I don't think that I can add much to what's been said here but when a place gets it right it's a cause to rejoice. I wasn't quite prepared for the uptown feel here and wondered aloud to my companions if this is a bit what Danny Meyer's rib joint on the upper East Side, Blue Smoke, feels like.

When I go to any BBQ place I always think that to get the rib/chicken combo rather obligatory but I'm glad I was talked into it. At $18, the chicken is very good and so are the St. Louis spares. I concur with the fried mac 'n cheese. It's like the perfect Paula Dean post Thanksgiving invention. What's not to like? The collard greens are probably the best I've had with great spice and flavor. The tiny corn muffins that come at the top are that rare creation of flavor and moistness that almost always allude others and the La Brea bakery bread tastes as good here as it does at Campanile which I've never experienced in any other restaurant.

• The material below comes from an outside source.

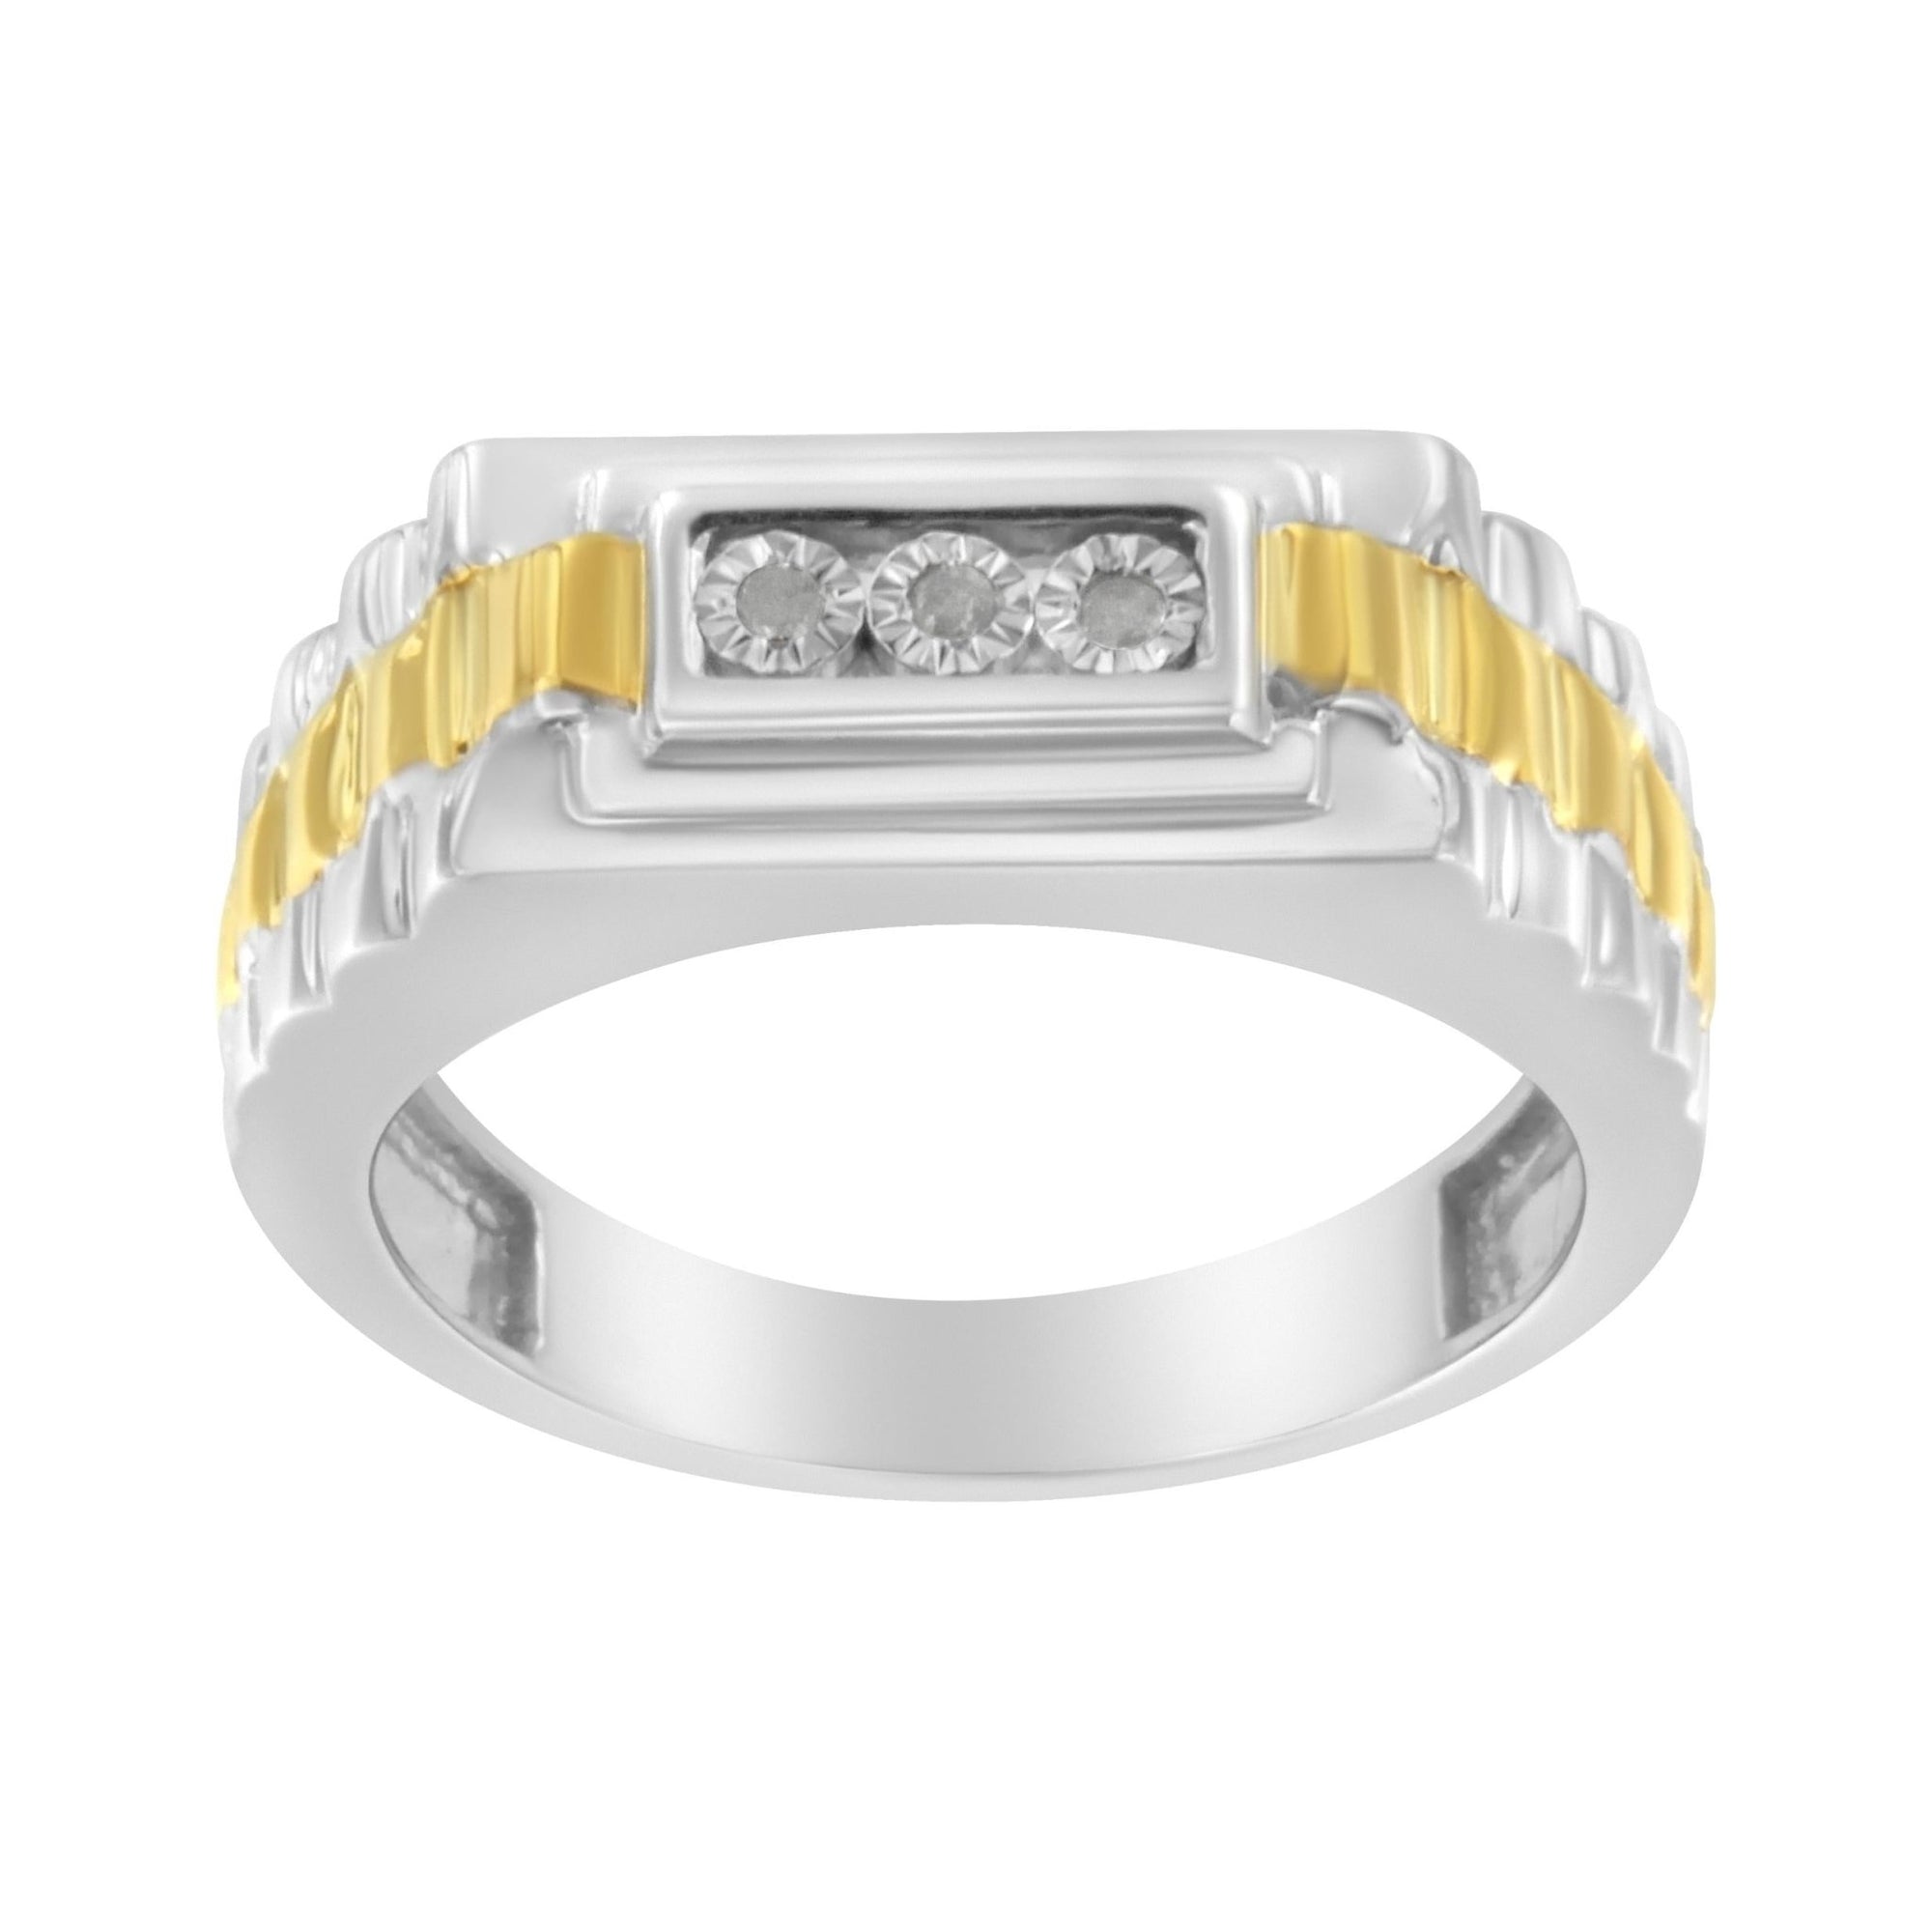 10K Yellow Gold Plated .925 Sterling Silver Diamond Accent Miracle-Set 3 Stone Ridged Band Gentlemen's Fashion Ring (I-J Color, I2-I3 Clarity) - Size 11 - LinkagejewelrydesignLinkagejewelrydesign

The surprise is in the creativity of the starters: delicious duck spring rolls with a luxurious cherry compote and a nice Thai calamari with cole slaw. One friend tried the newly added 'Cajon' Stew for $21 with generous amounts of crayfish, shrimp, fish, rice, greens, tasso and lots of punch. The other ordered the special Salmon, lightly spiced in a wonderful buttery nage.

Dessert was a homey sticky toffee pudding cake with creme fraiche and the wine list seemed to have some affordable and interesting choices. We were, however, treated to a Ridge Geyserville 2002 zin which, well, dwarfed the competition which was a bit unfair but we're not complaining.

Service was confident and hospitable and then there was the crowd. Critics and chefs and Hounds, oh my. Thanks, Carter, for a great rec.